While psychological pricing tricks are pervasive and can certainly dupe you into spending more, there are ways you can avert them:
• Create a 30-day list. Instead of purchasing things on impulse, jot down things you would like to buy, along with the price. Then wait 30 days. Chances are, the initial urge to purchase the items will have fizzled.
• Consider the personal value of an item. Instead of fixating on the price tag of something, consider the value it would bring to your life. Is it something you would get a lot of joy from? Or something you could really use? Let that guide you, vs. buying an item because everyone else has it.
• Figure out the number of uses of an item. If you plan on wearing a pair of jeans at least 30 times, and they cost $90, that’s $3 per use. Something you can afford and would enjoy having? Then it might be worthwhile. But if it’s a $20 item and chances are it will most likely get shoved into the closet, that might end up being a waste of money.

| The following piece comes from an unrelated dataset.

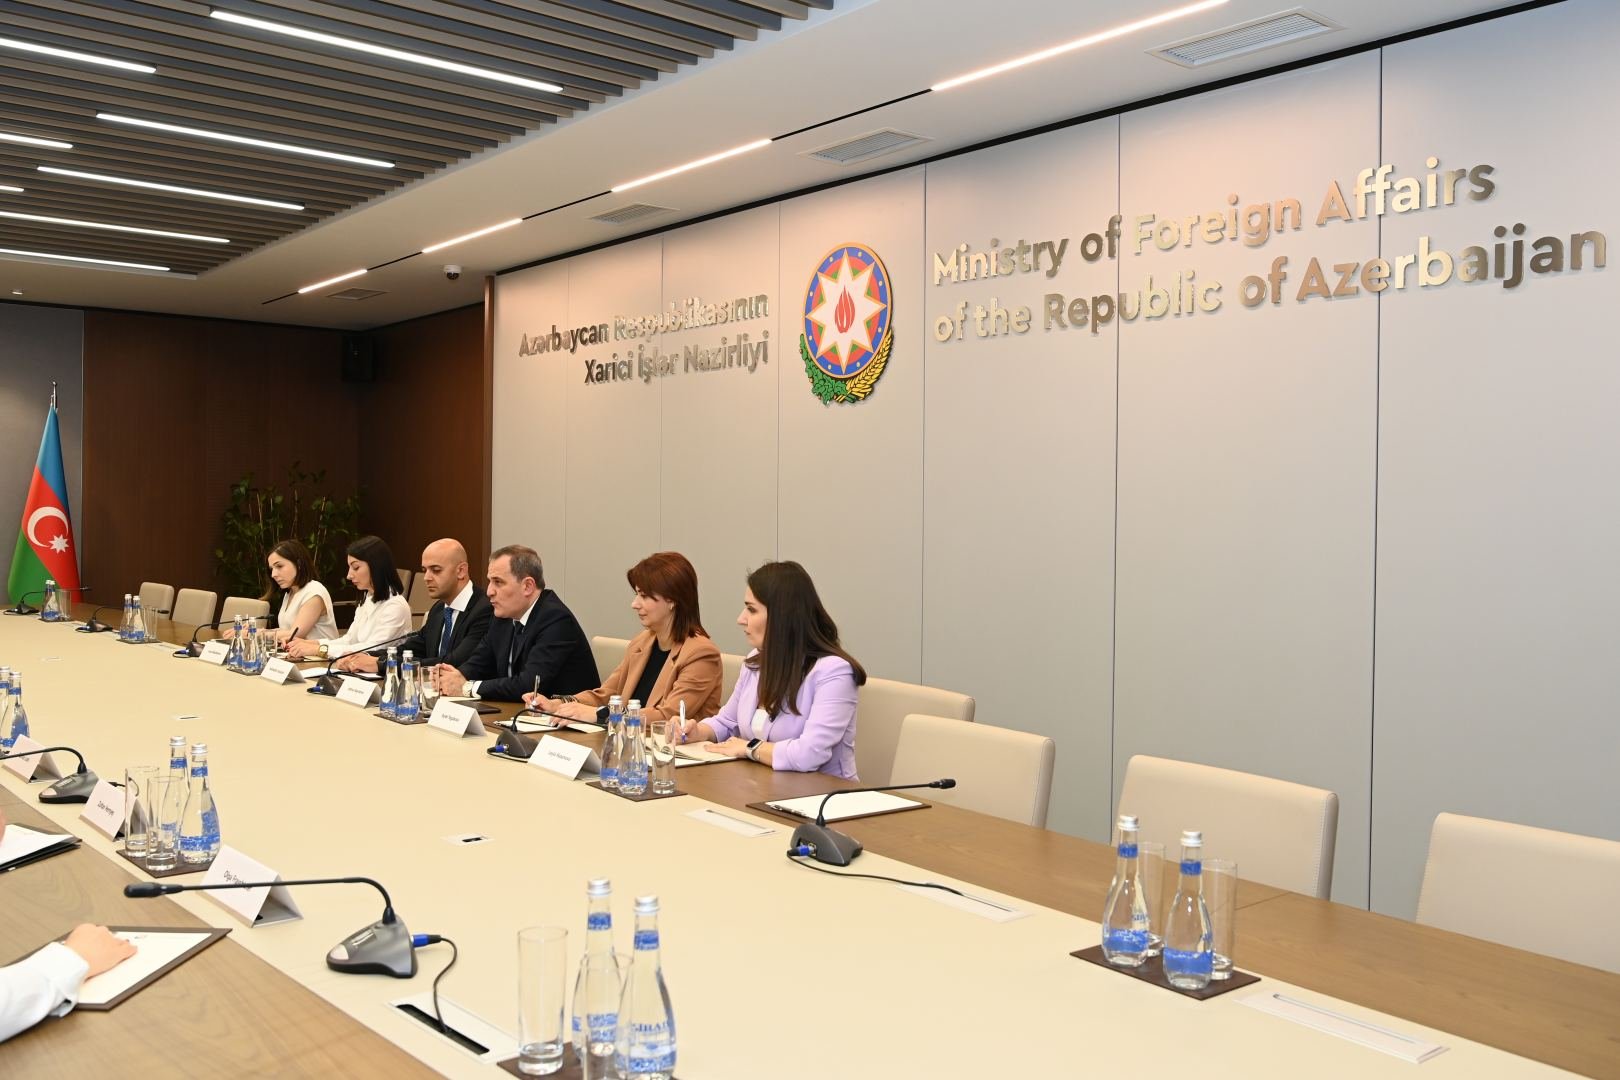 Azerbaijan's FM meets Chairman of GR-DEM Group of CoE Committee of Representatives (PHOTO)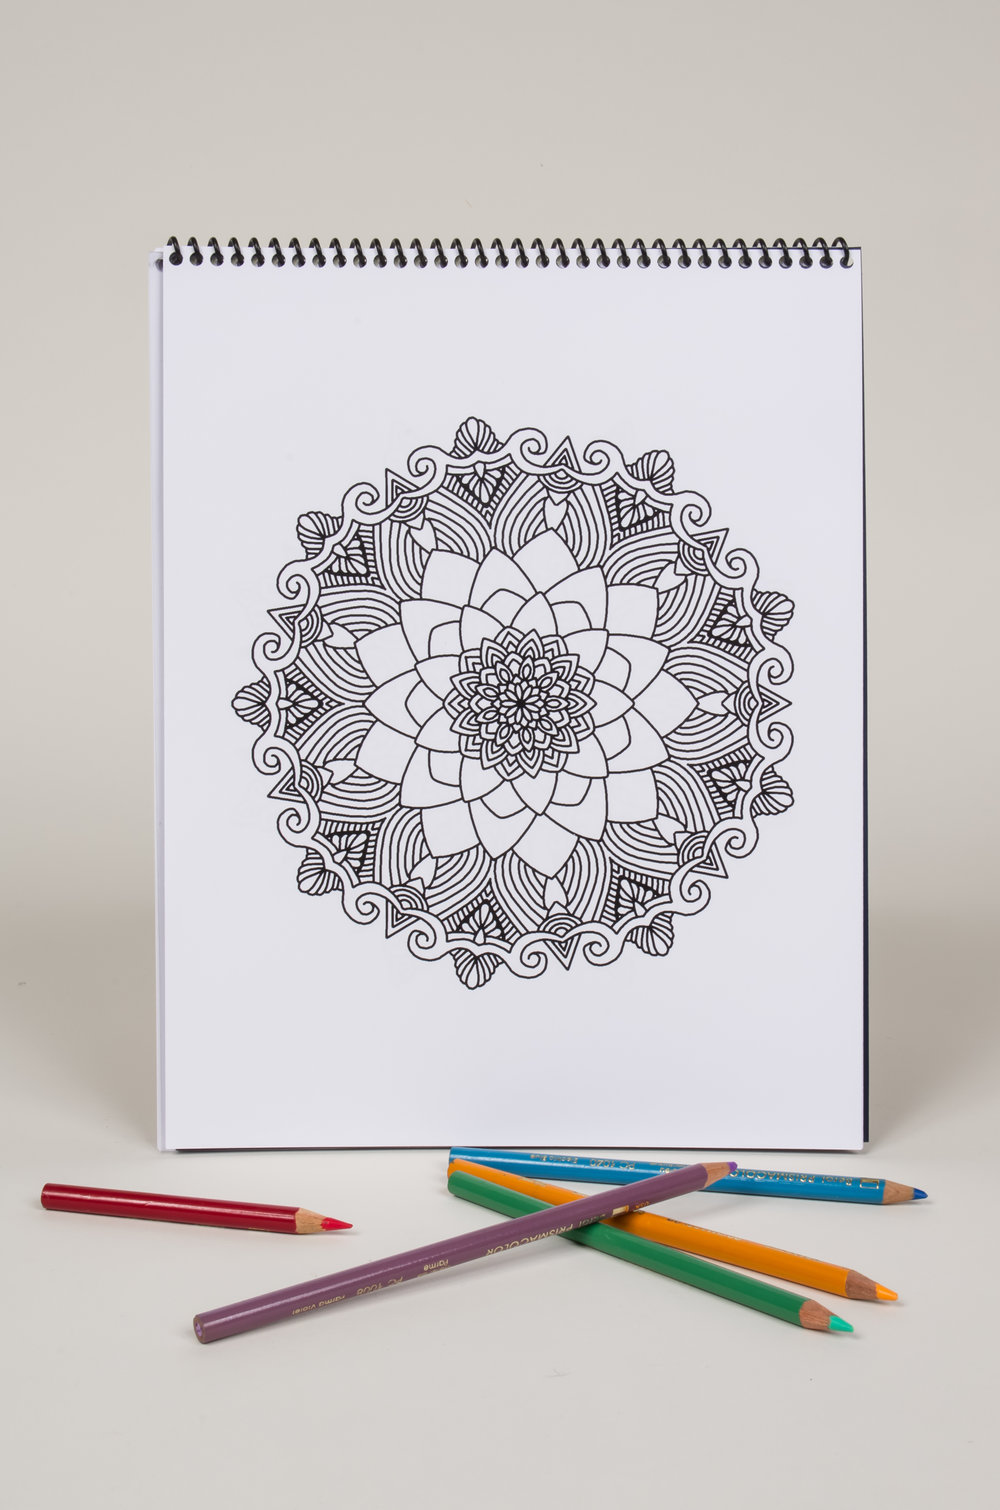  a sample of one of the mandalas that you can color in.&nbsp;

• Stick to a weekly budget. It’s no fun having to get your finances back on track after blowing your budget. Avoid that by keeping a weekly number in mind for your discretionary spending — think clothing, entertainment, eating out, hobby-related spending and sundry items. This can help you stay within your means. It could be helpful to have a separate bank account where you park your discretionary funds into. It’s far easier to see exactly where your money is going that way.
Psychological pricing tricks can certainly sway you to dole out more cash. That being said, if you are aware of them, you can use good judgment about these marketing tactics. That, in turn, can allow you to stay within your means, make the best financial decisions for your situation, and stay in control of your cash.
Is psychological pricing illegal?
Psychological pricing typically isn’t illegal, though in some cases, the tactic could veer into some other murky territory that might not be legal. But for the most part, these pricing tricks are acceptable ways of getting consumers to believe they are getting a deal or that an item is in high demand.
Is psychological pricing immoral?
There are some instances where pricing tricks border on unethical terrority. For instance, using fake reviews to make a product seem more popular than it really is and to generate hype is considered unethical.
Why is psychological pricing effective?
Psychological pricing is effective because it relies on your brain making snap judgments in spending situations. These tactics can steer you toward choosing a particular product or buying more that you may truly need.